We all know that nothing in life is perfect but what do you do when your relationship is full of lies? If you have recently found out that you have been cheated on by your spouse or lover, you need to make some quick choices. Are you going to stay together and possibly put yourself in jeopardy of getting hurt again or are you going to cut your losses now? Surviving infidelity is an incredibly difficult task; you’ve got a long road ahead of you if you want your relationship to survive.
No one will blame you if you choose not to stay around. After all, how much must one person stand? Life is too short and if you are in love with someone who is a cheater, you may be in for more heart ache down the line. It’s time to make some tough calls and you are going to need some help.
They say that true love can conquer all.
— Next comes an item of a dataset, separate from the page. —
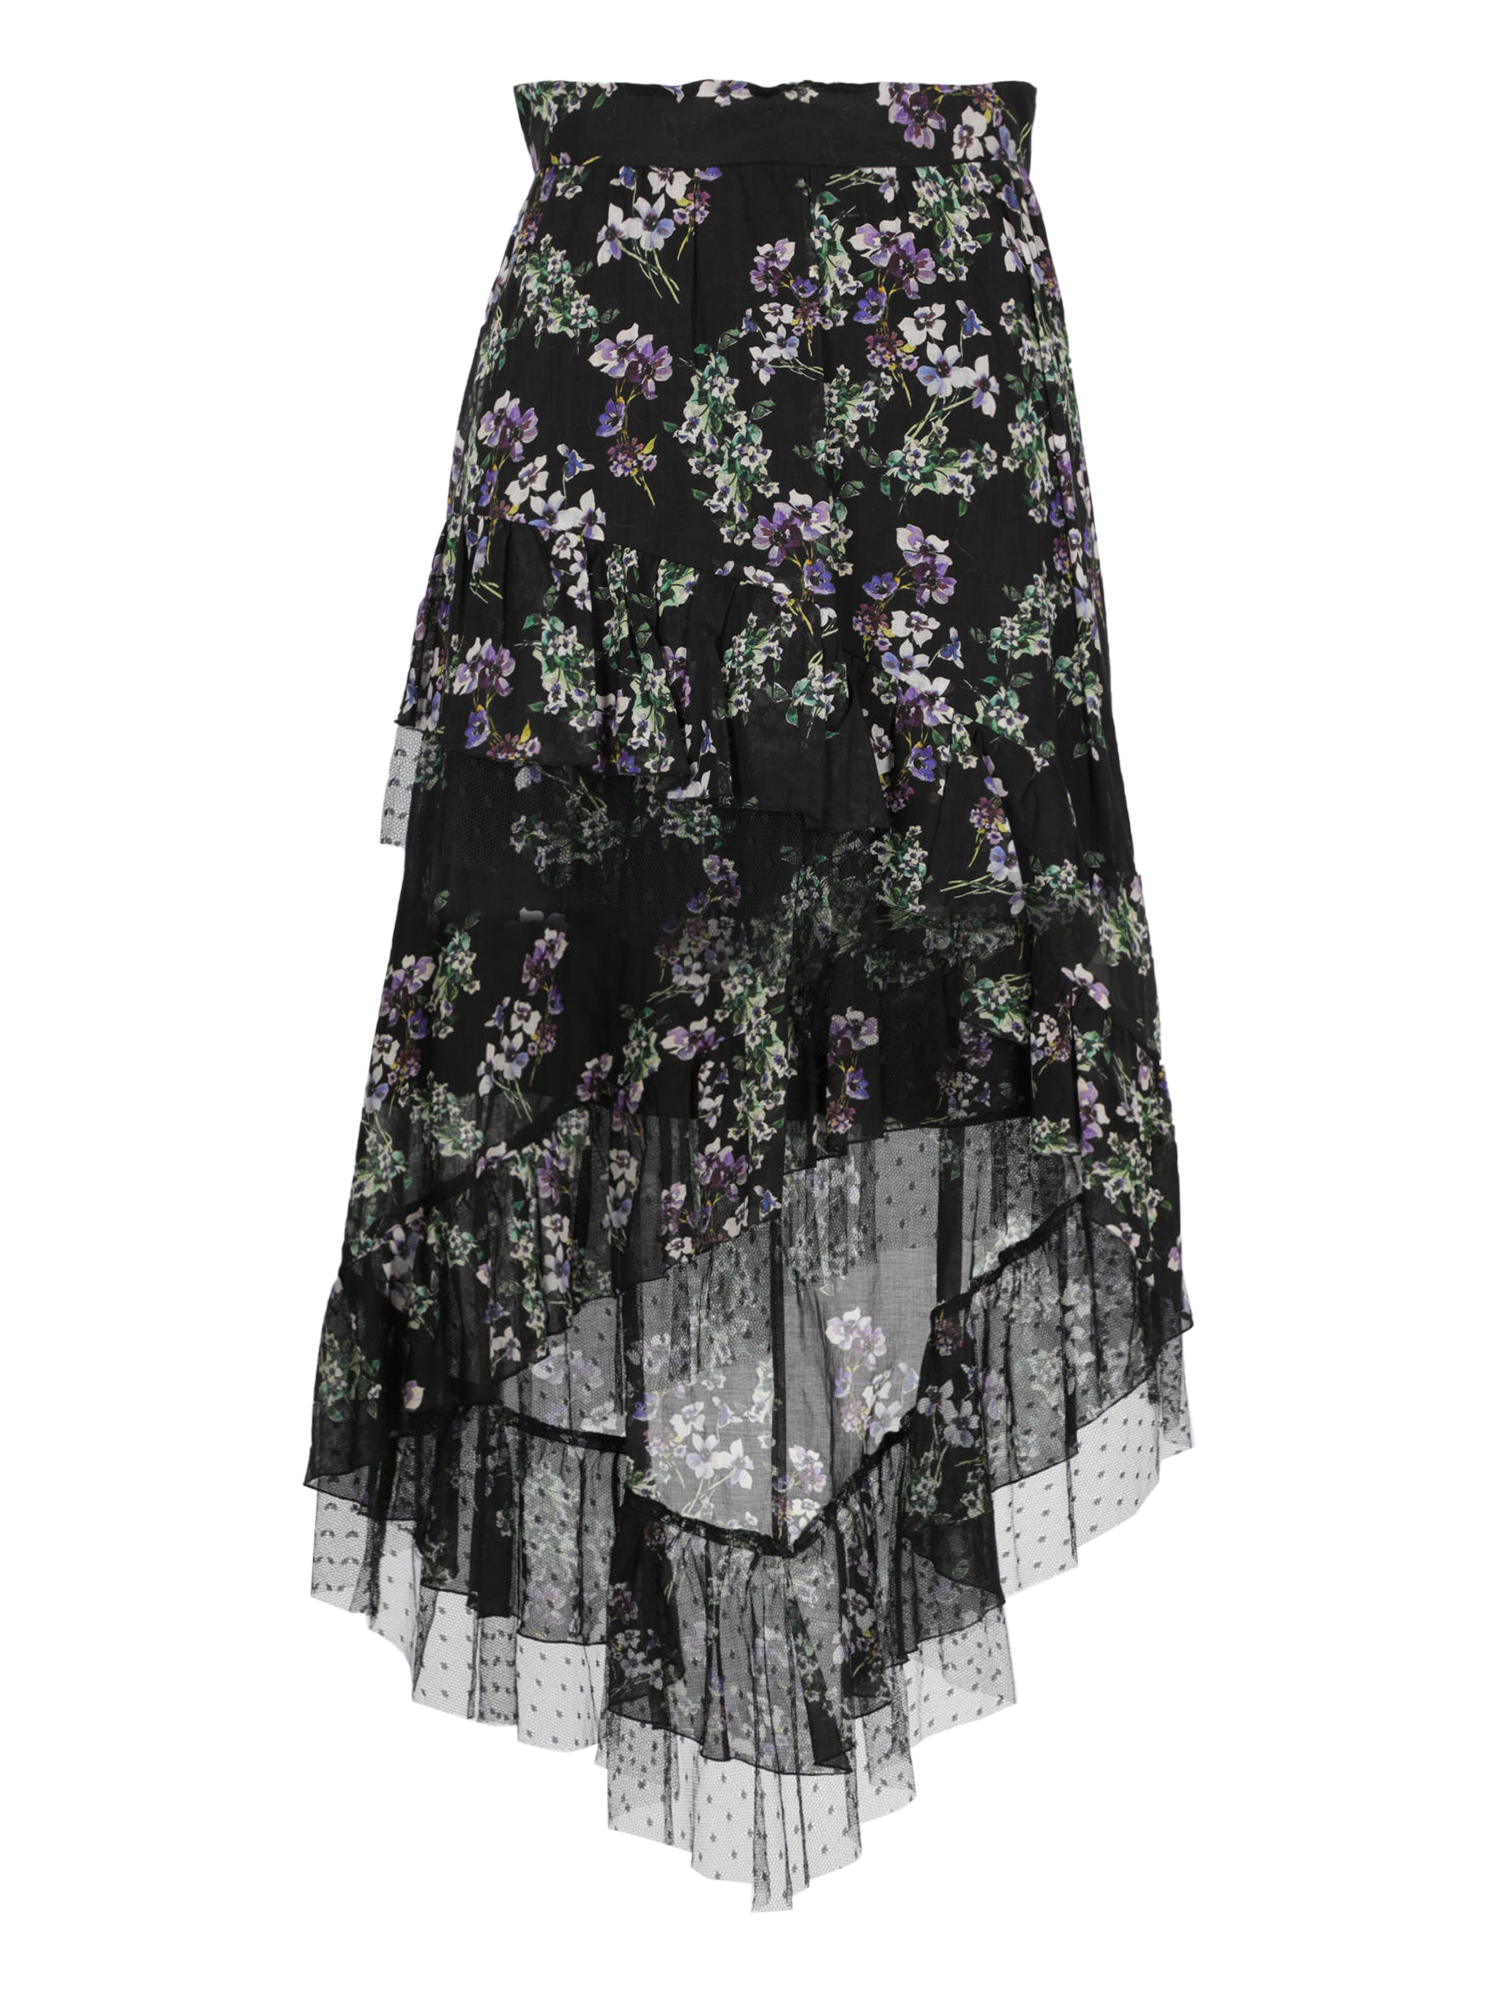 Condition: Excellent, Floral Print Fabric, Color: Black, Purple - S - IT 40 -

You may be forced to question this clich?. When you become the victim of your spouse’s infidelity, you may question everything that has ever gone on between the two of you. You may find yourself wanting to harm your spouse or their lover. There is no answer in violence or revenge. These are temporary cures to an emotional nightmare that will only make everything worse in the end.
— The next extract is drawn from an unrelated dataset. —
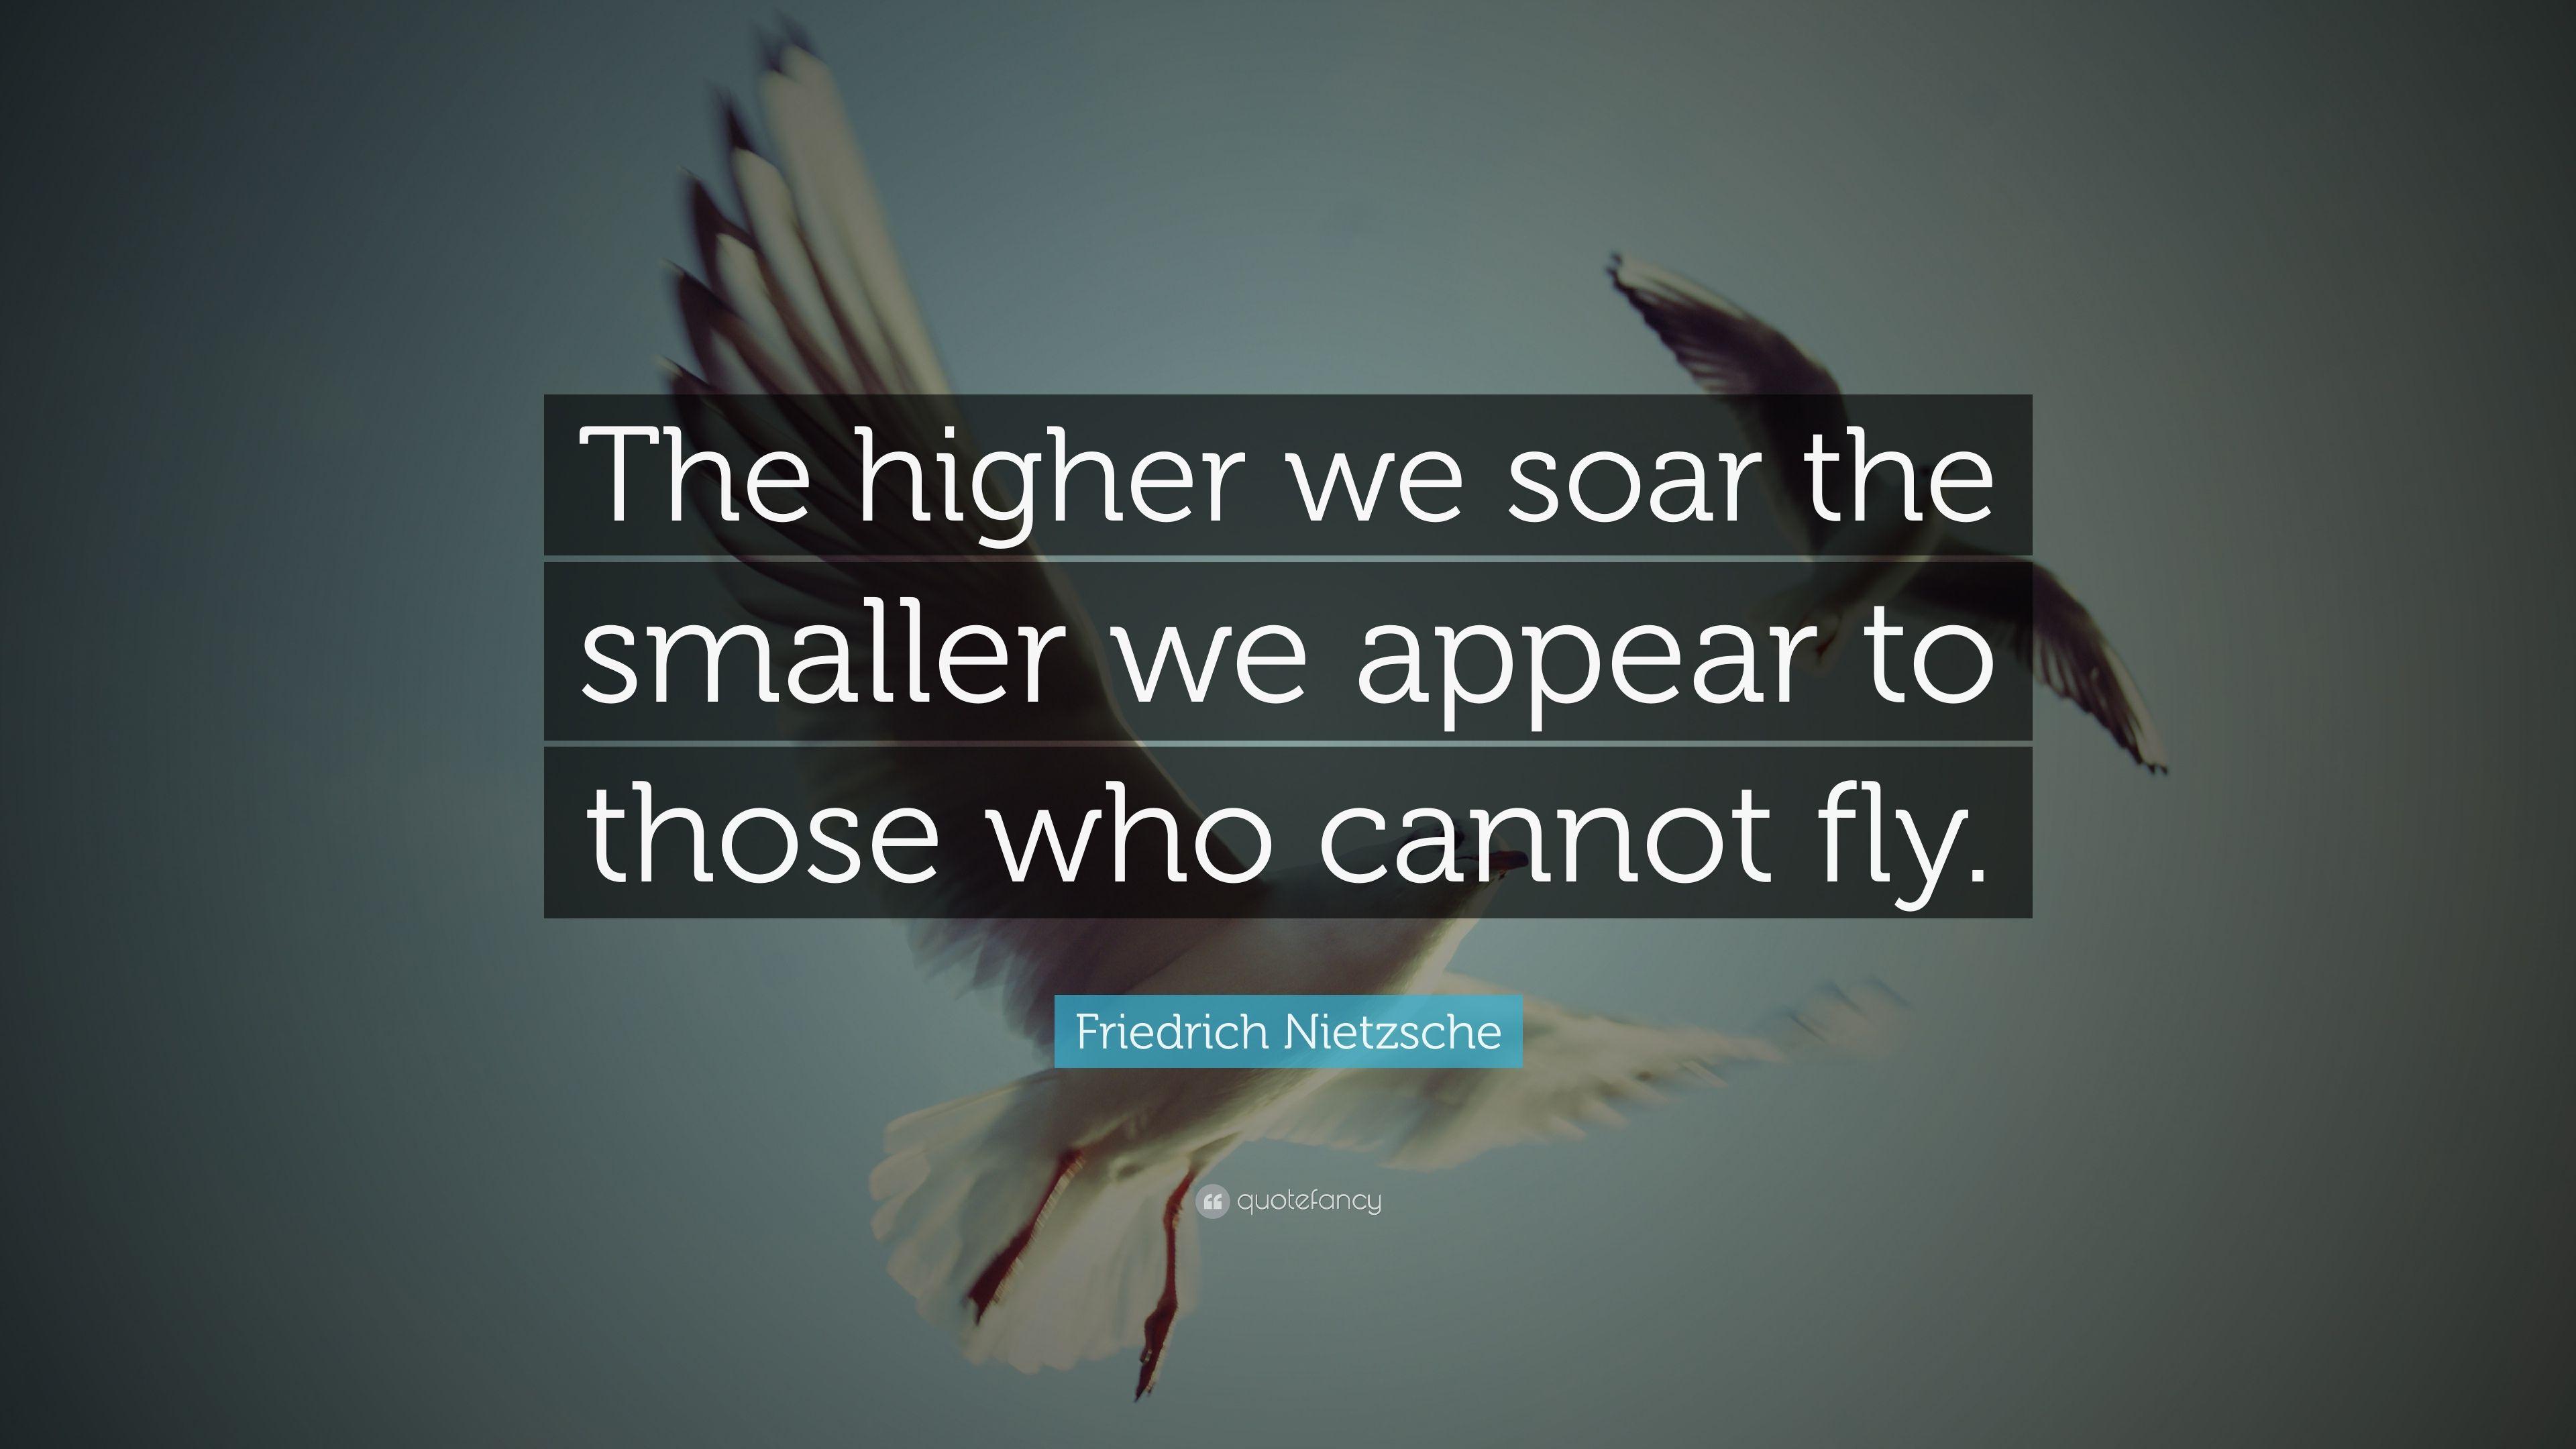 Friedrich Nietzsche Quote: “The higher we soar the smaller we

You have been hurt; there is no way around that. If you love your spouse enough to try to make things work in spite of his or her infidelity, you are going to need some help. In order to work through the issues, you will need to seek professional assistance, preferably from a licensed marriage counselor. Marriage counselors have what it takes to help you work through this tremendously difficult time in your life and your relationship.
You are going to have anger and hate in your heart when you’ve been cheated on. If you felt nothing when you learned of the infidelity, chances are high that you’ll be feeling them eventually. The longer you hold on to these negative feelings; they will literally fester inside of you. You can become physically ill with a variety of ailments from keeping your feelings inside.
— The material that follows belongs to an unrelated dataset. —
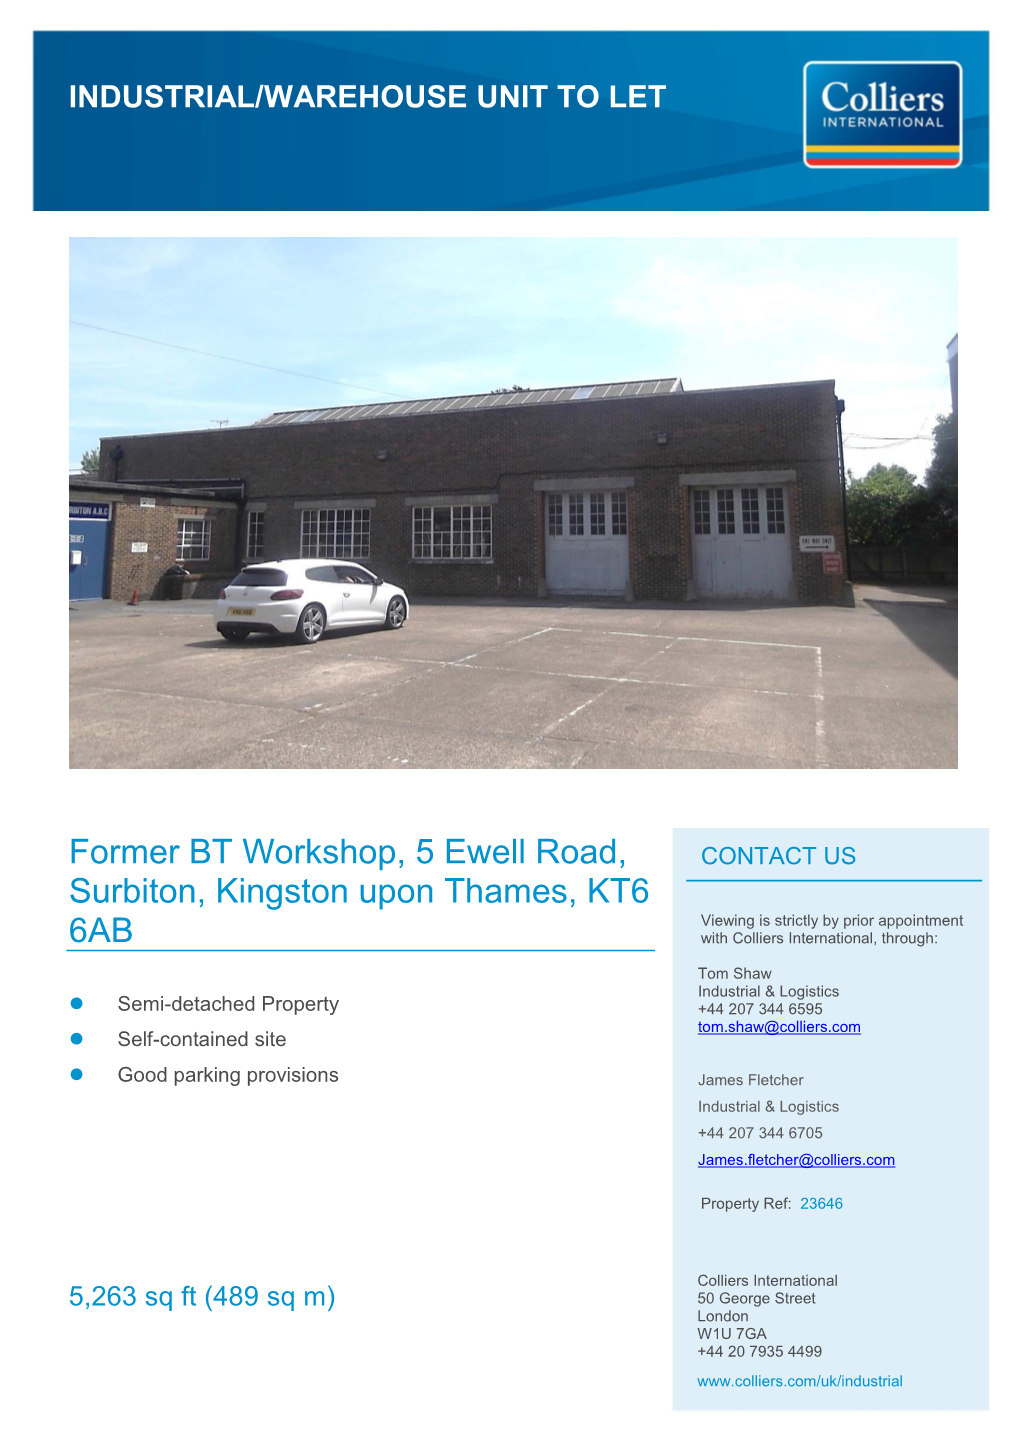 Former BT Workshop, 5 Ewell Road, Surbiton, Kingston Upon Thames, KT6 6AB

Seek professional help if you are involved in a relationship where infidelity has occurred. The only way you’ll be surviving infidelity is if you sit down one on one and individually with a therapist and handle the situation. You can’t get through the thought process alone. You will need someone to help you verbalize your emotions and you’ll need to someone to act as referee over the dispute.
When someone cheats on you, it’s common to wonder what you, personally have done wrong. There is nothing that you can do that makes you deserving of this sort of behavior. If a relationship is over because of things that have been said and done, there should be a separation. This should happen before there is any it’s bound to happen after wards. You owe it to yourself to realize that no matter what your lover may be saying, this situation is not your fault.
No matter how you look at it, infidelity is a heavy task to take. Whatever you decide as far as the status of your relationship, no one can blame you for what has happened during the infidelities. Try to create as healthy of an environment as possible for yourself and work with a therapist. As stated before, marriage infidelity is a very confusing and hurtful time, however only time itself can heal you, so don’t worry things should work out.